Incidence Theorems and Their Applications

TL;DR

This survey reviews recent advances in incidence geometry, focusing on counting incidences, Kakeya problems, and Sylvester-Gallai configurations, highlighting their applications in combinatorics, computer science, and error-correcting codes.

Contribution

It provides a comprehensive overview of recent results and techniques in incidence theorems, connecting geometric arrangements to applications in various theoretical fields.

Findings

Szemeredi-Trotter theorem over reals and finite fields

Applications in solving Erdős' distance problem

Connections to locally correctable error-correcting codes

Abstract

We survey recent (and not so recent) results concerning arrangements of lines, points and other geometric objects and the applications these results have in theoretical computer science and combinatorics.
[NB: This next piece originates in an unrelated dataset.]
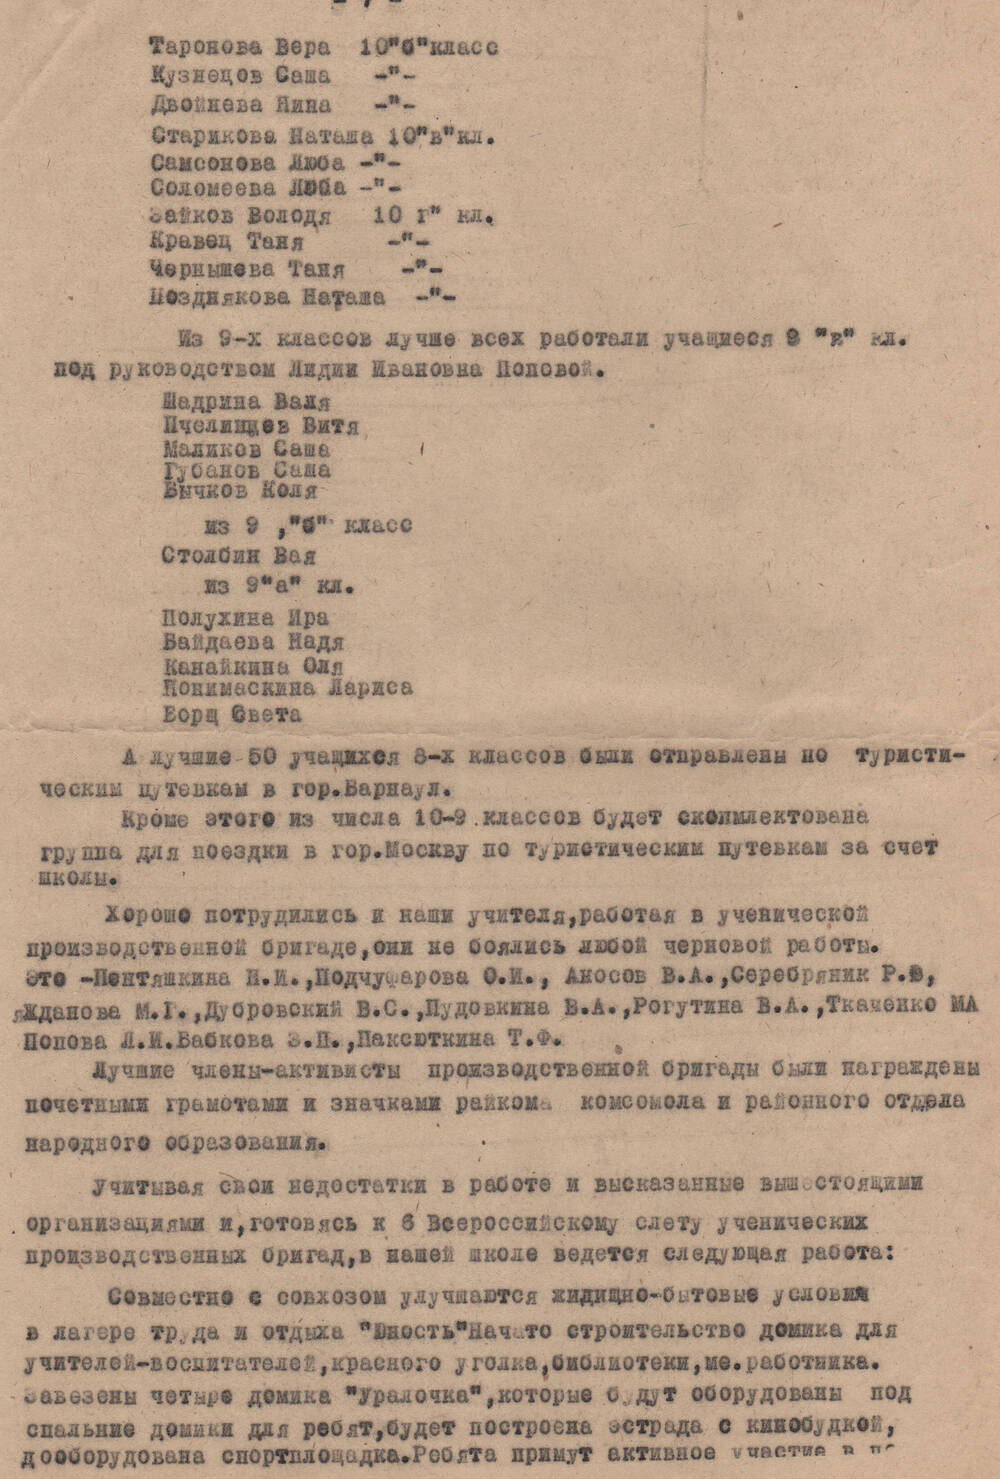 Доклад Об итогах работы ученической производственной бригады за 1974-1975 гг.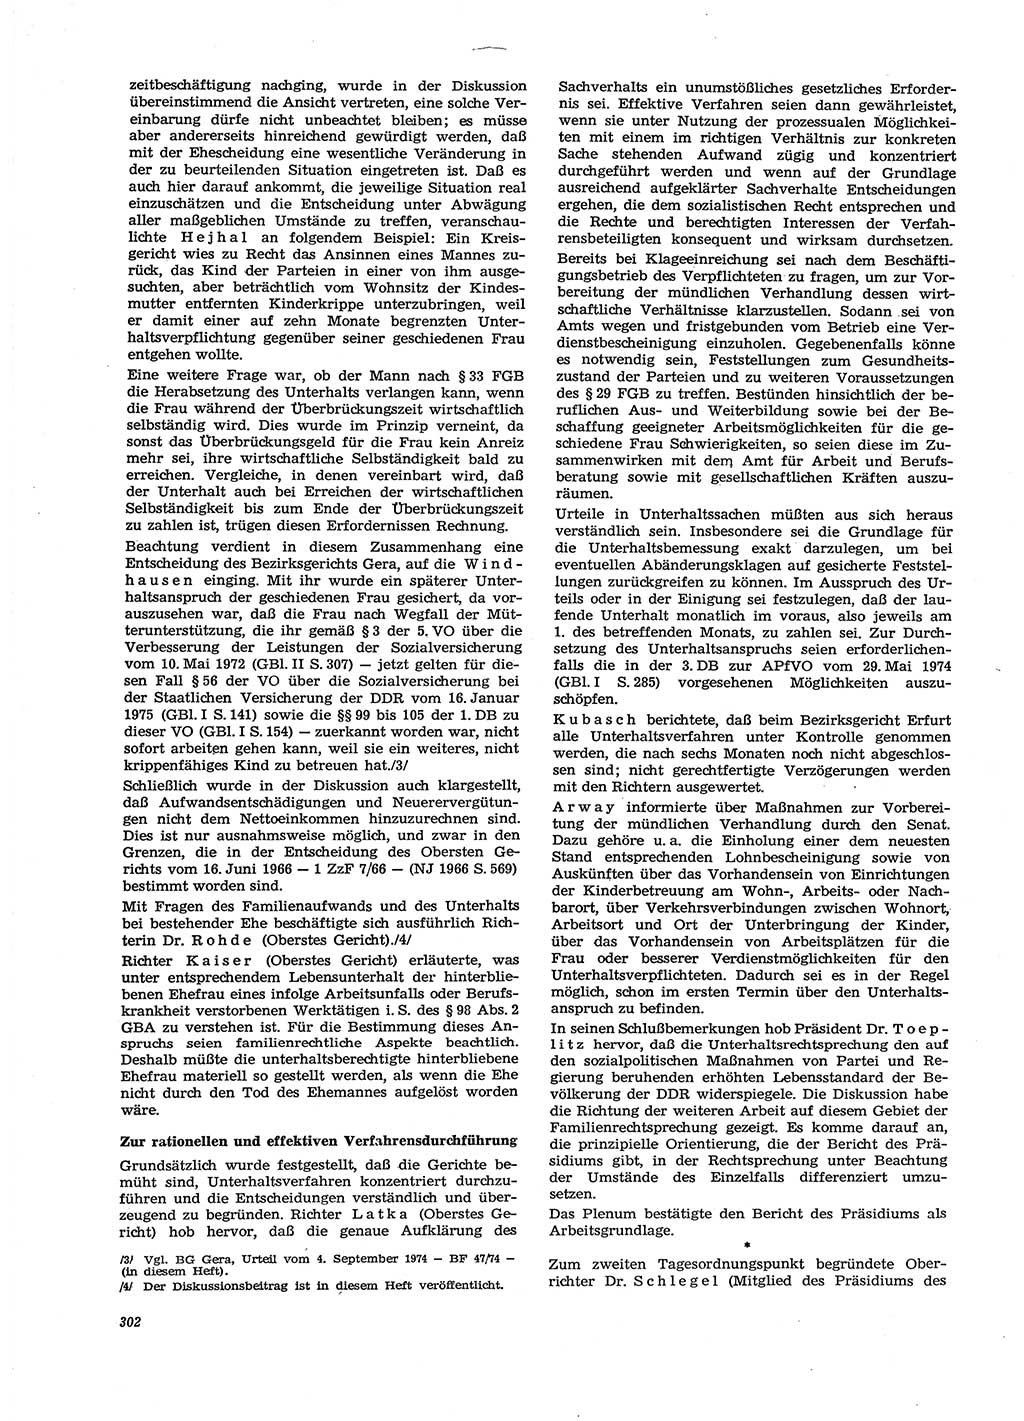 Neue Justiz (NJ), Zeitschrift für Recht und Rechtswissenschaft [Deutsche Demokratische Republik (DDR)], 29. Jahrgang 1975, Seite 302 (NJ DDR 1975, S. 302)

The three main types of problems we will discuss are: (1) Counting incidences: Given a set (or several sets) of geometric objects (lines, points, etc..), what is the maximum number of incidences (or intersections) that can exist between elements in different sets? We will see several results of this type, such as the Szemeredi-Trotter theorem, over the reals and over finite fields and discuss their applications in combinatorics (e.g., in the recent solution of Guth and Katz to Erdos' distance problem) and in computer science (in explicit constructions of multi-source extractors). (2) Kakeya type problems: These problems deal with arrangements of lines that point in different directions. The goal is to try and understand to what extent these lines can overlap one another. We will discuss these questions both over the reals and over finite fields and see how they come up in the theory of randomness-extractors. (3) Sylvester-Gallai type problems: In this type of problems, one is presented with a configuration of points that contain many `local' dependencies (e.g., three points on a line) and is asked to derive a bound on the dimension of the span of all points. We will discuss several recent results of this type, over various fields, and see their connection to the theory of locally correctable error-correcting codes. Throughout the different parts of the survey, two types of techniques will make frequent appearance. One is the polynomial method, which uses polynomial interpolation to impose an algebraic structure on the problem at hand. The other recurrent techniques will come from the area of additive combinatorics.